Data provided:
'''

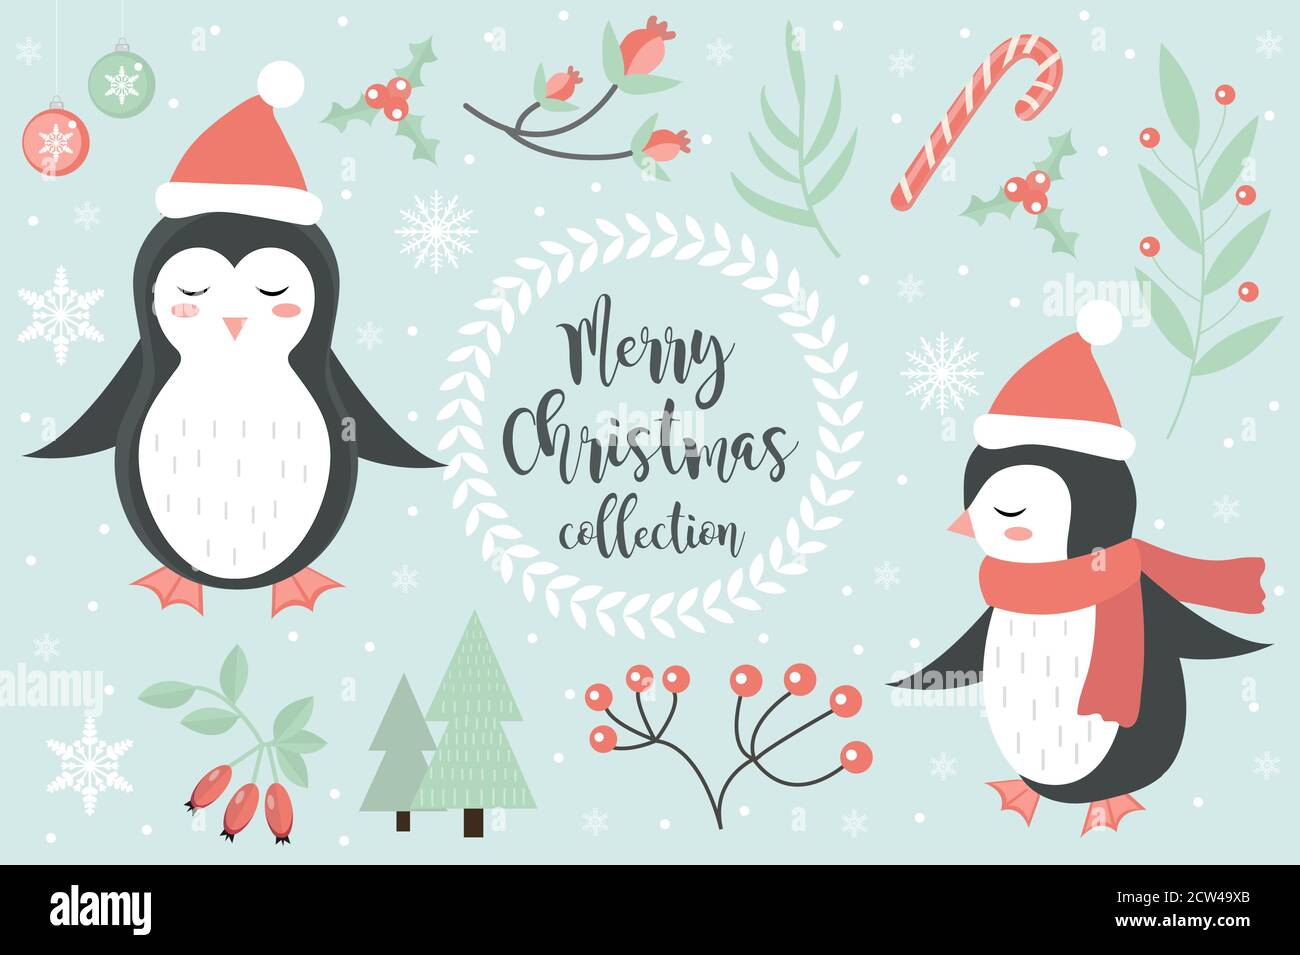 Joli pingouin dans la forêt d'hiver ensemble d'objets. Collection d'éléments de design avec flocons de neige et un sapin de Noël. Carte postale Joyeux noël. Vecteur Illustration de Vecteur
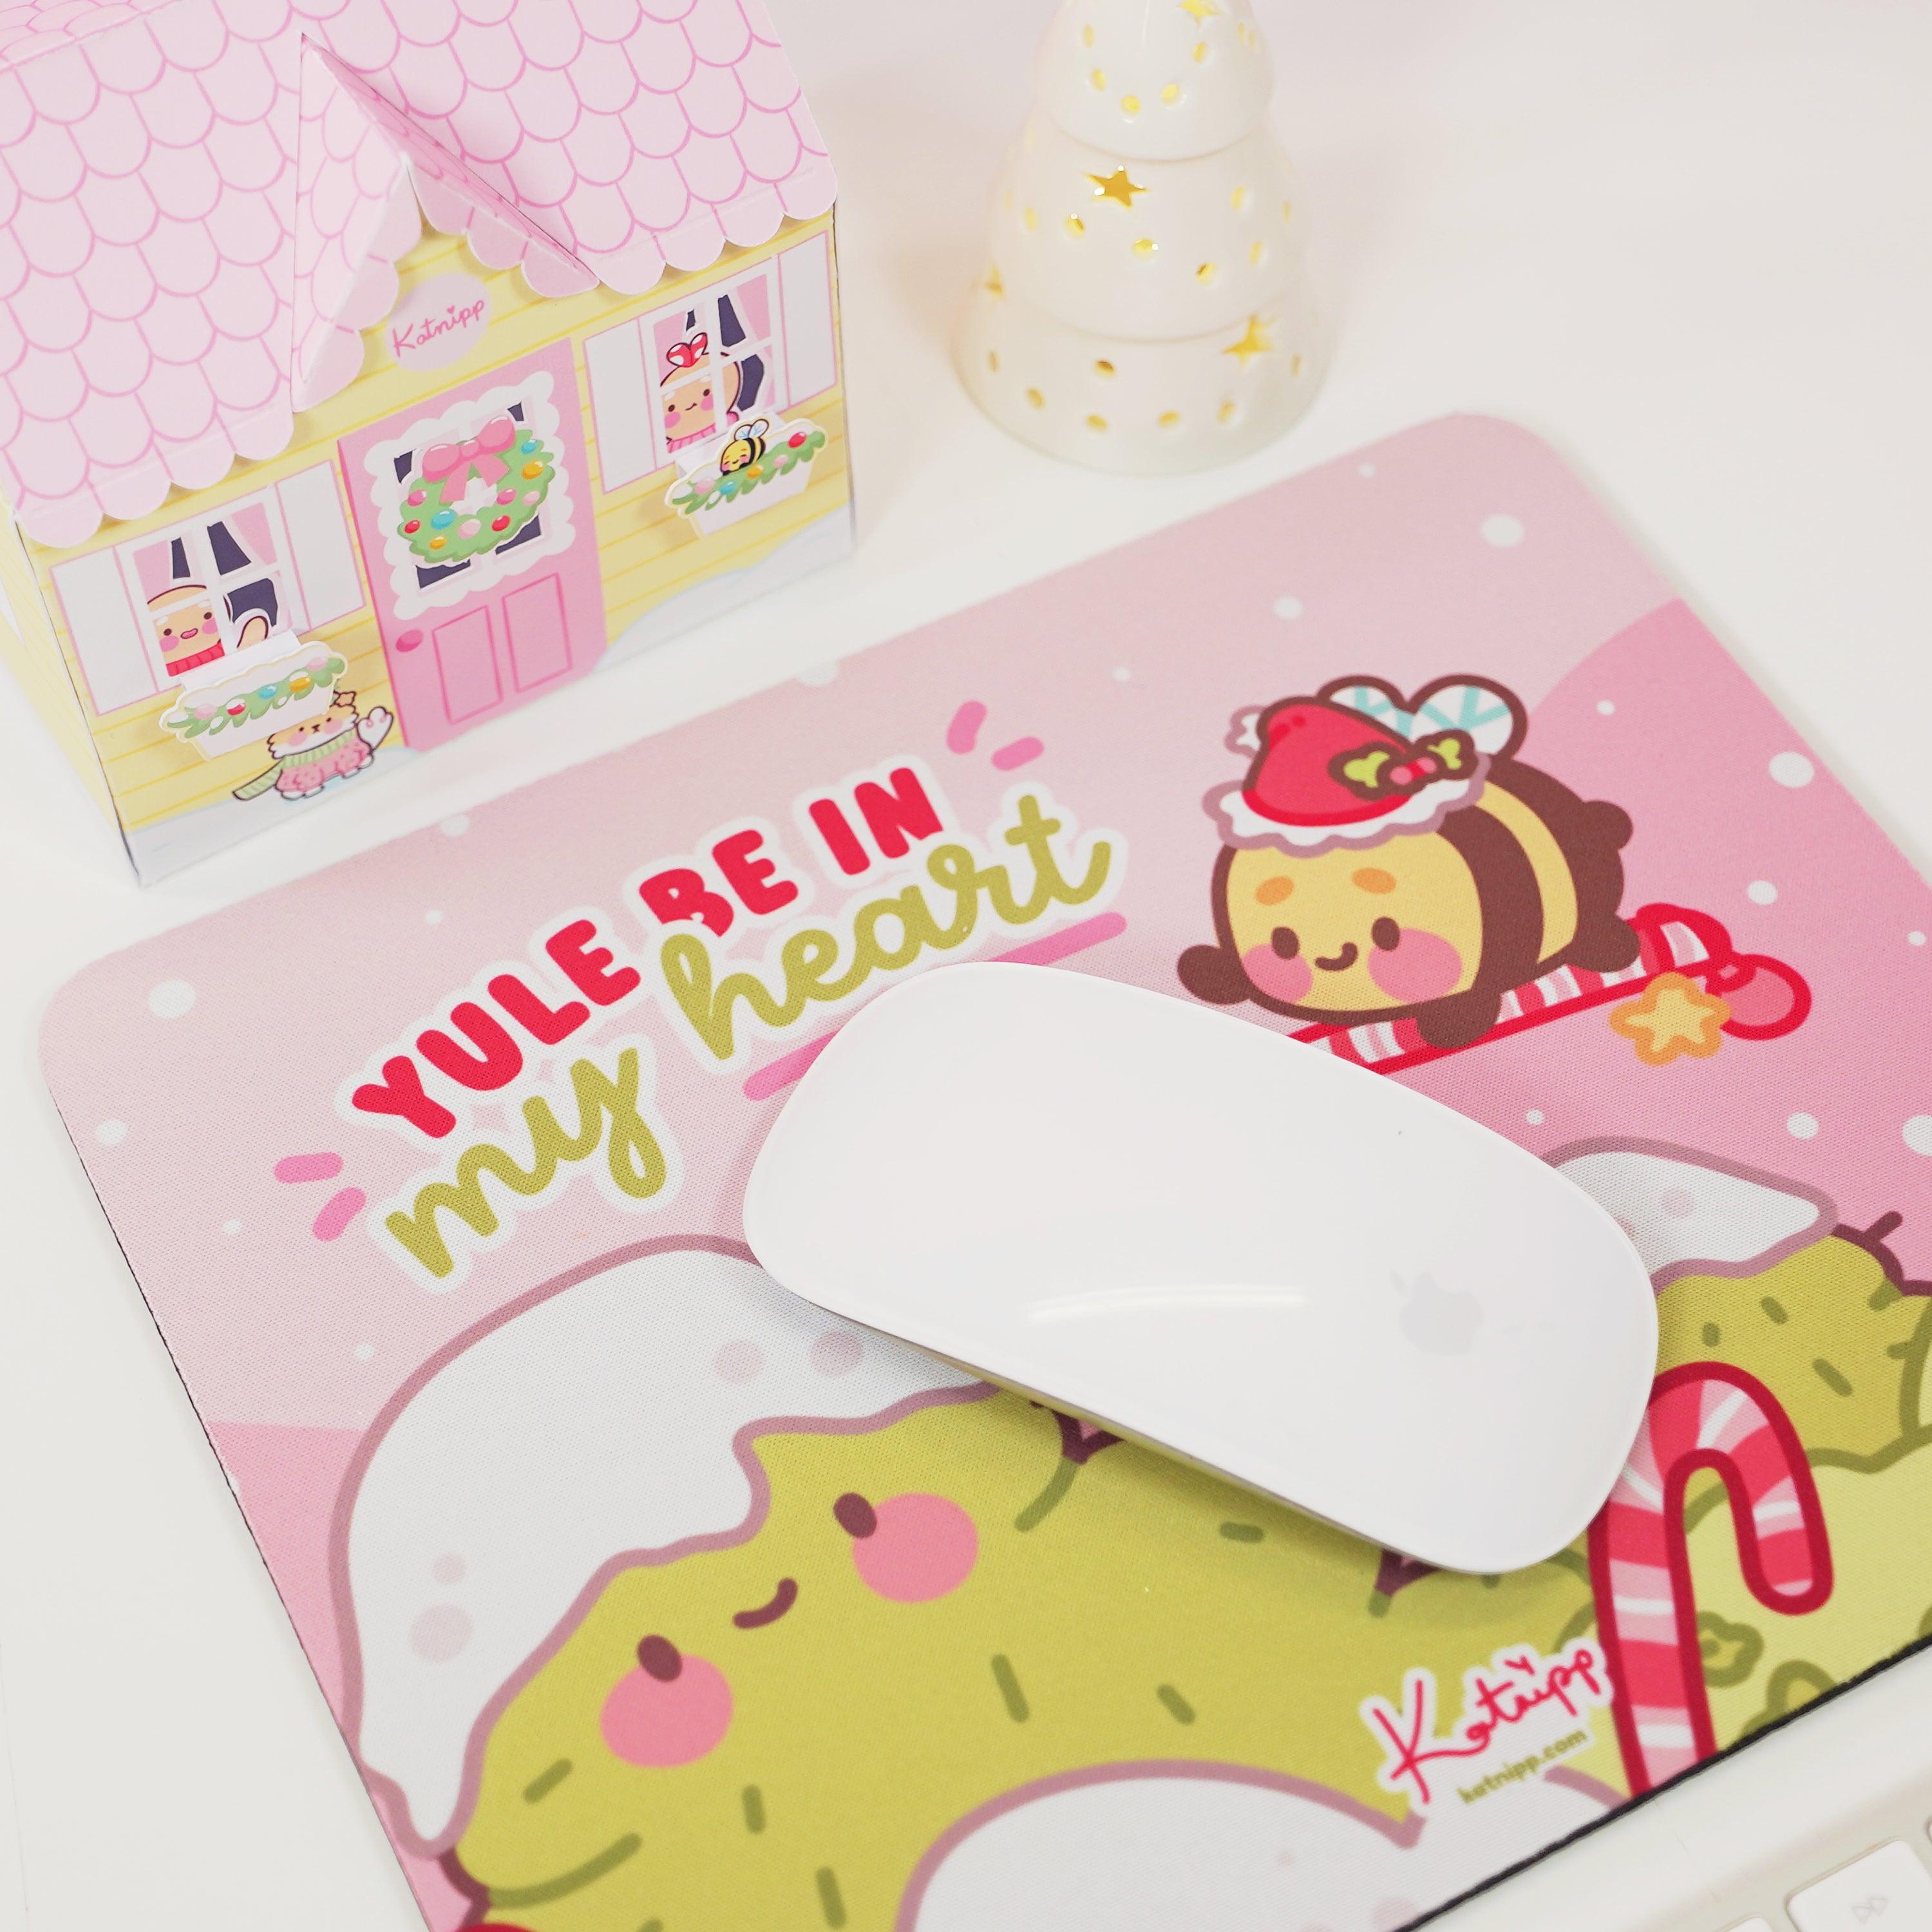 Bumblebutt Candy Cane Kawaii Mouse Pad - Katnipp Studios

'''
'''

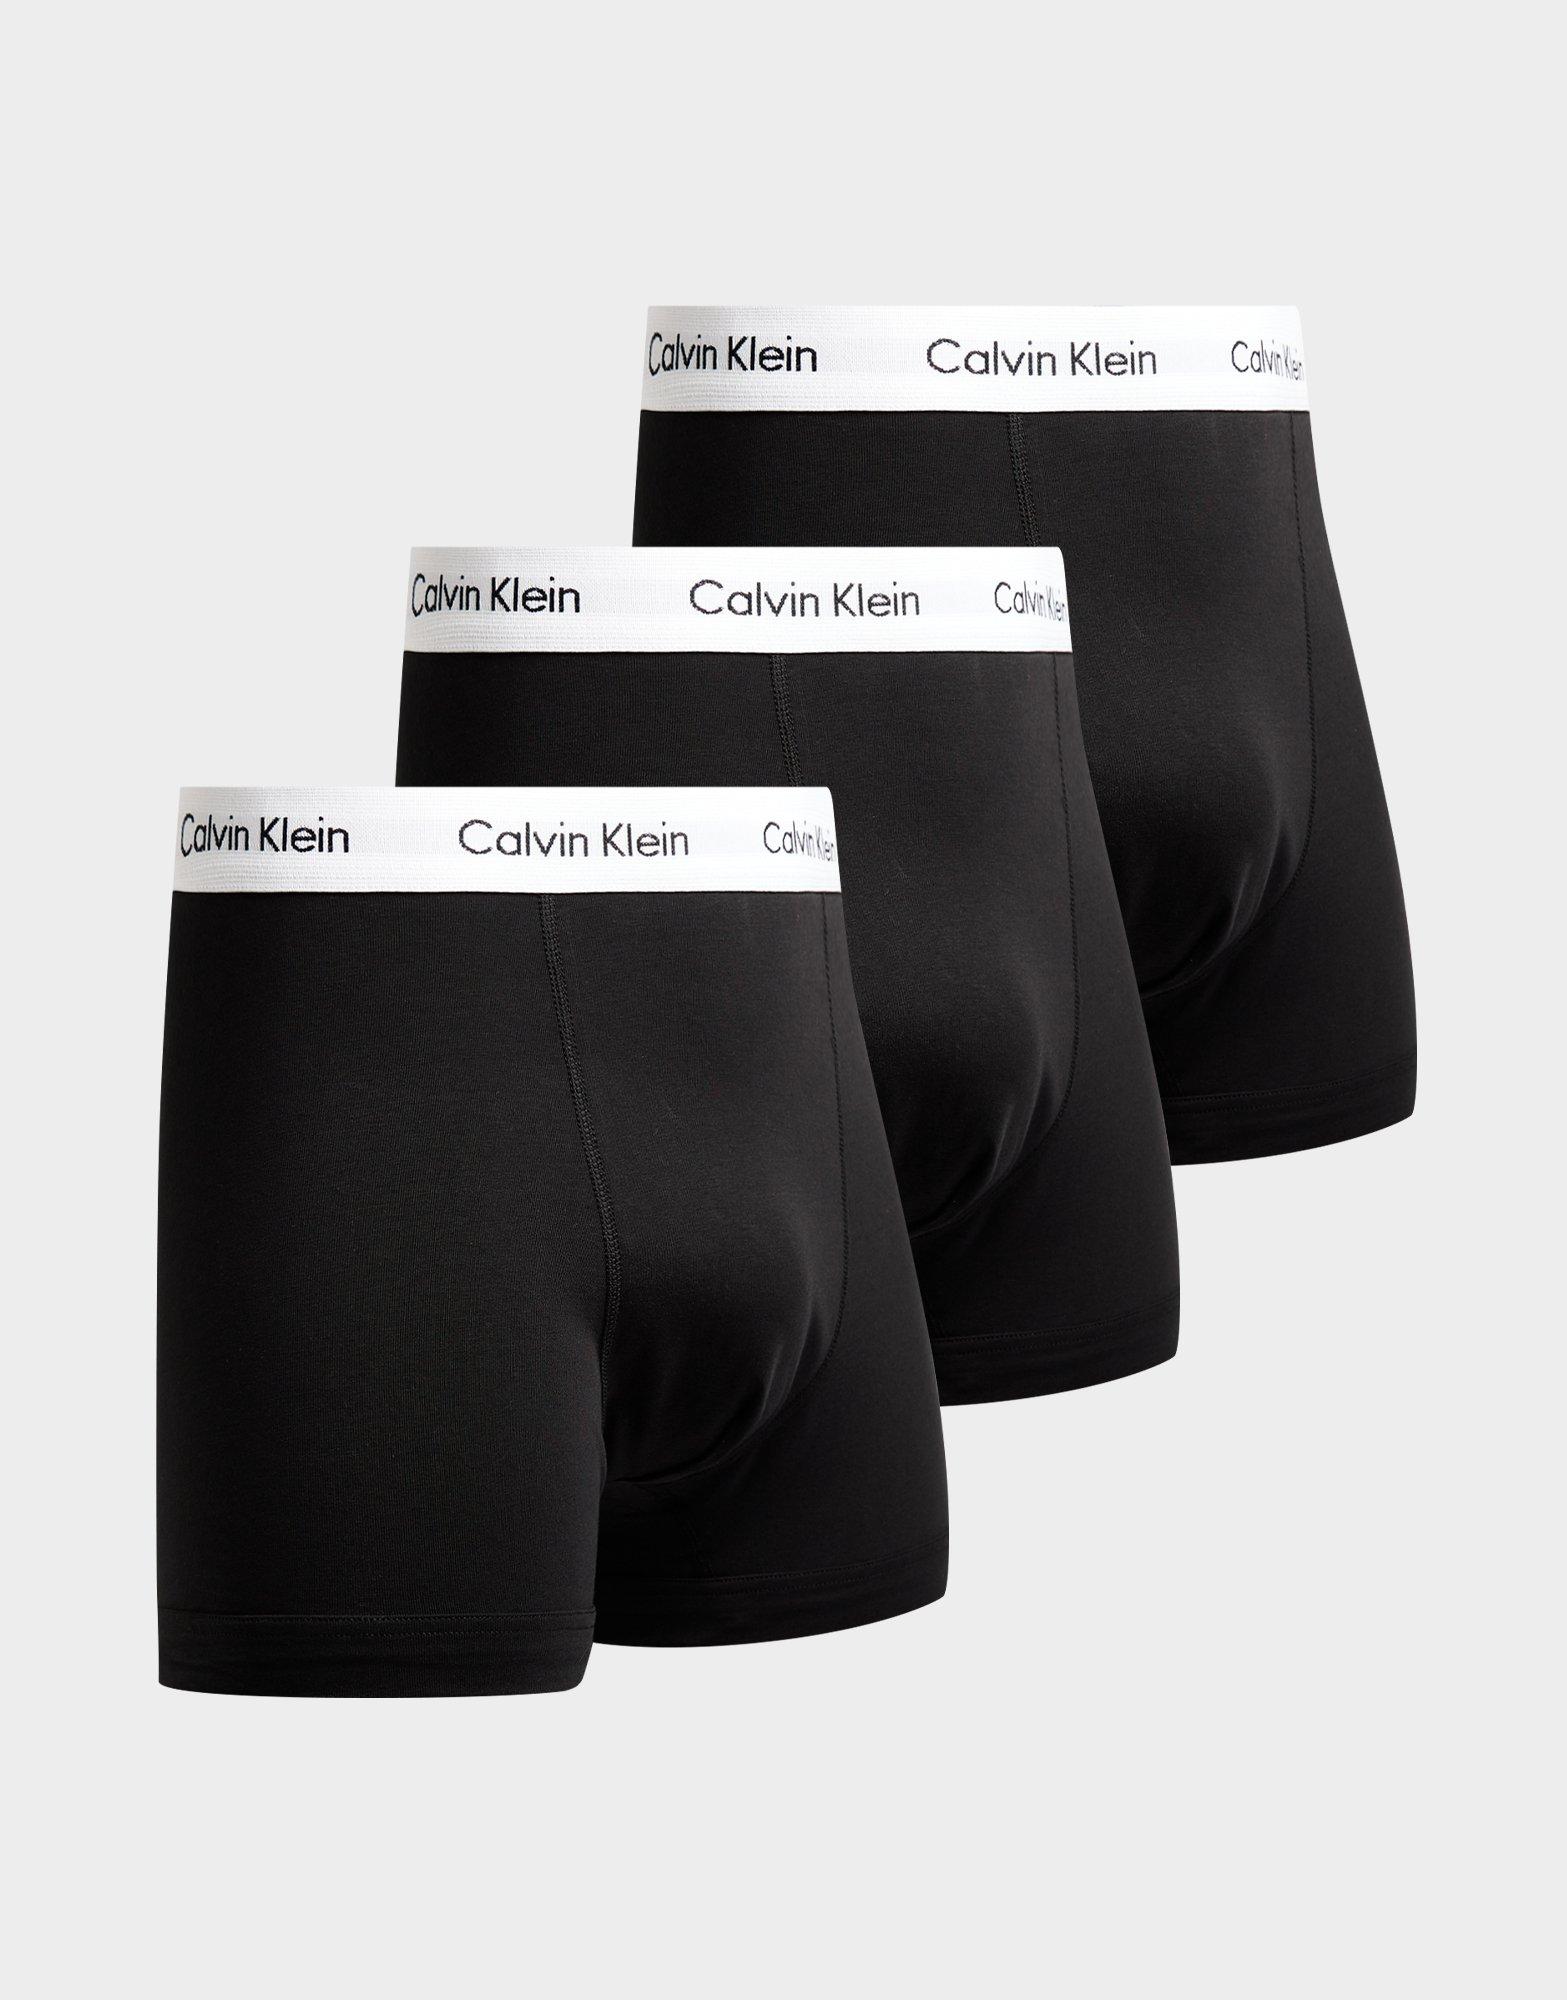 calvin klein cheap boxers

'''
'''

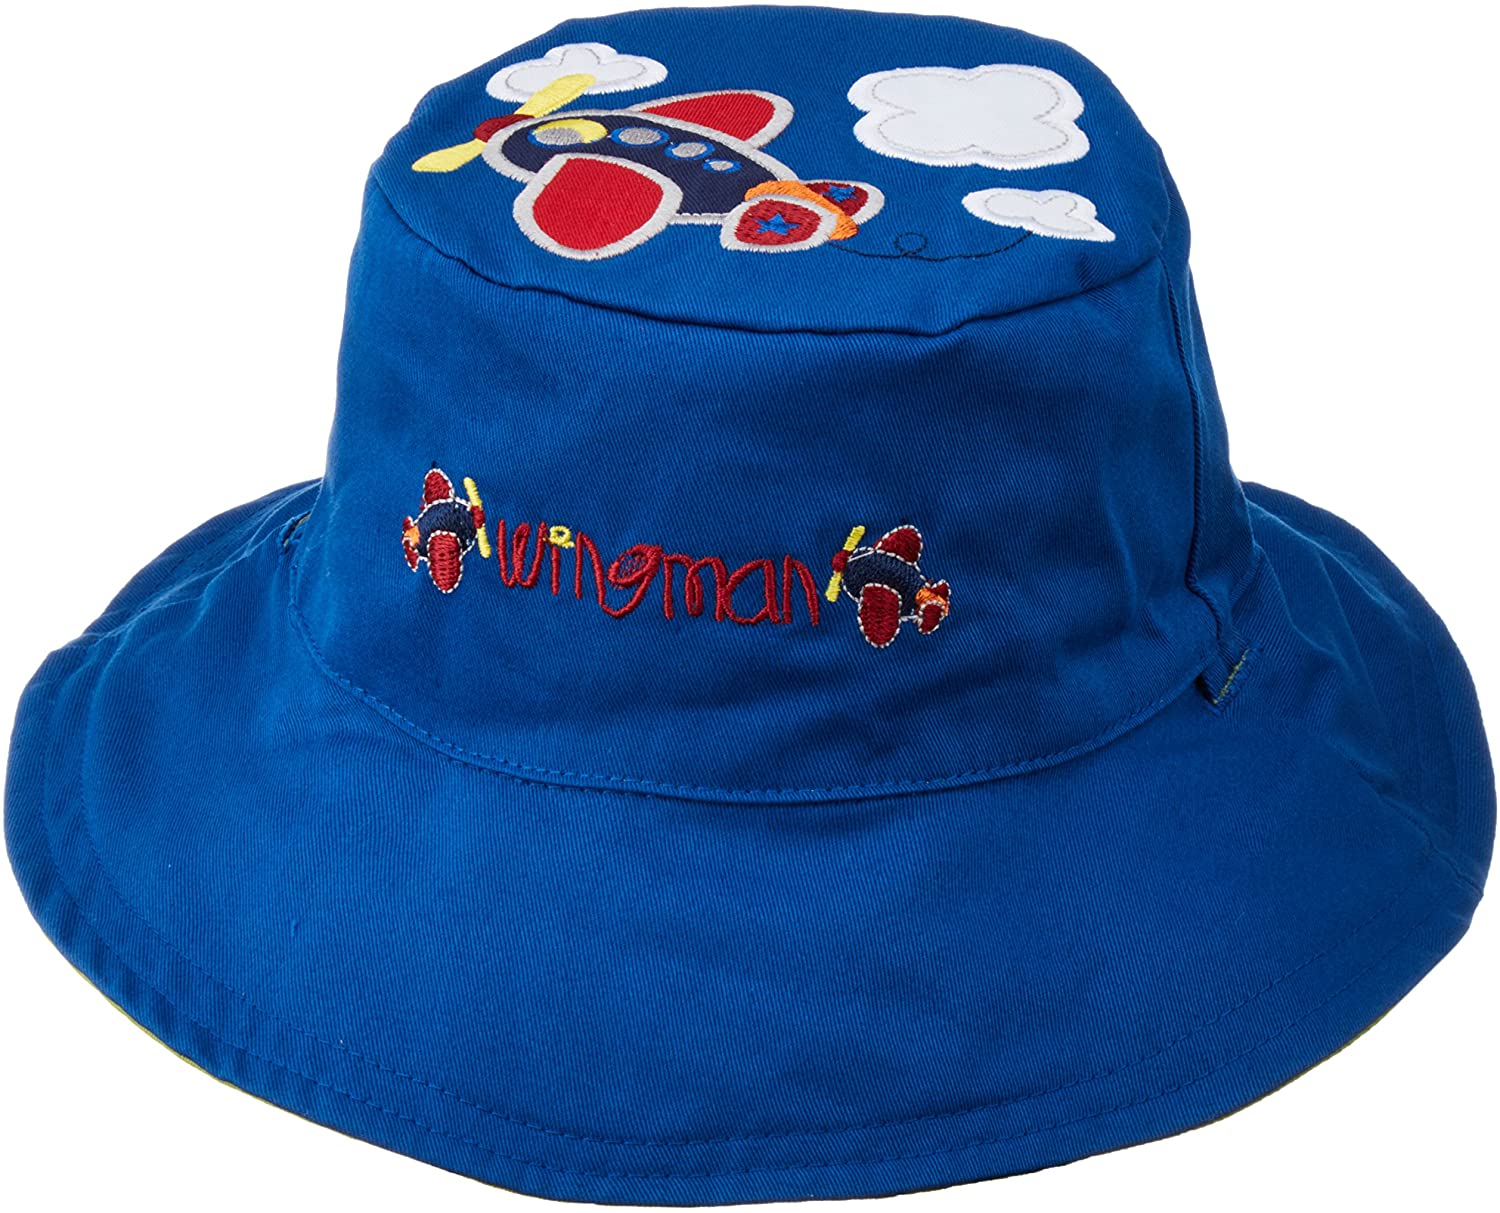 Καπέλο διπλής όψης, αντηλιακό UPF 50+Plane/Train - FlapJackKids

'''

Directions:
Return, exactly as they stand, the lines above from the one with "Joli pingouin dans" to the one with "Bumblebutt Candy Cane", omitting any pictures among them.

Solved problem:
 Joli pingouin dans la forêt d'hiver ensemble d'objets. Collection d'éléments de design avec flocons de neige et un sapin de Noël. Carte postale Joyeux noël. Vecteur Illustration de Vecteur
 Bumblebutt Candy Cane Kawaii Mouse Pad - Katnipp Studios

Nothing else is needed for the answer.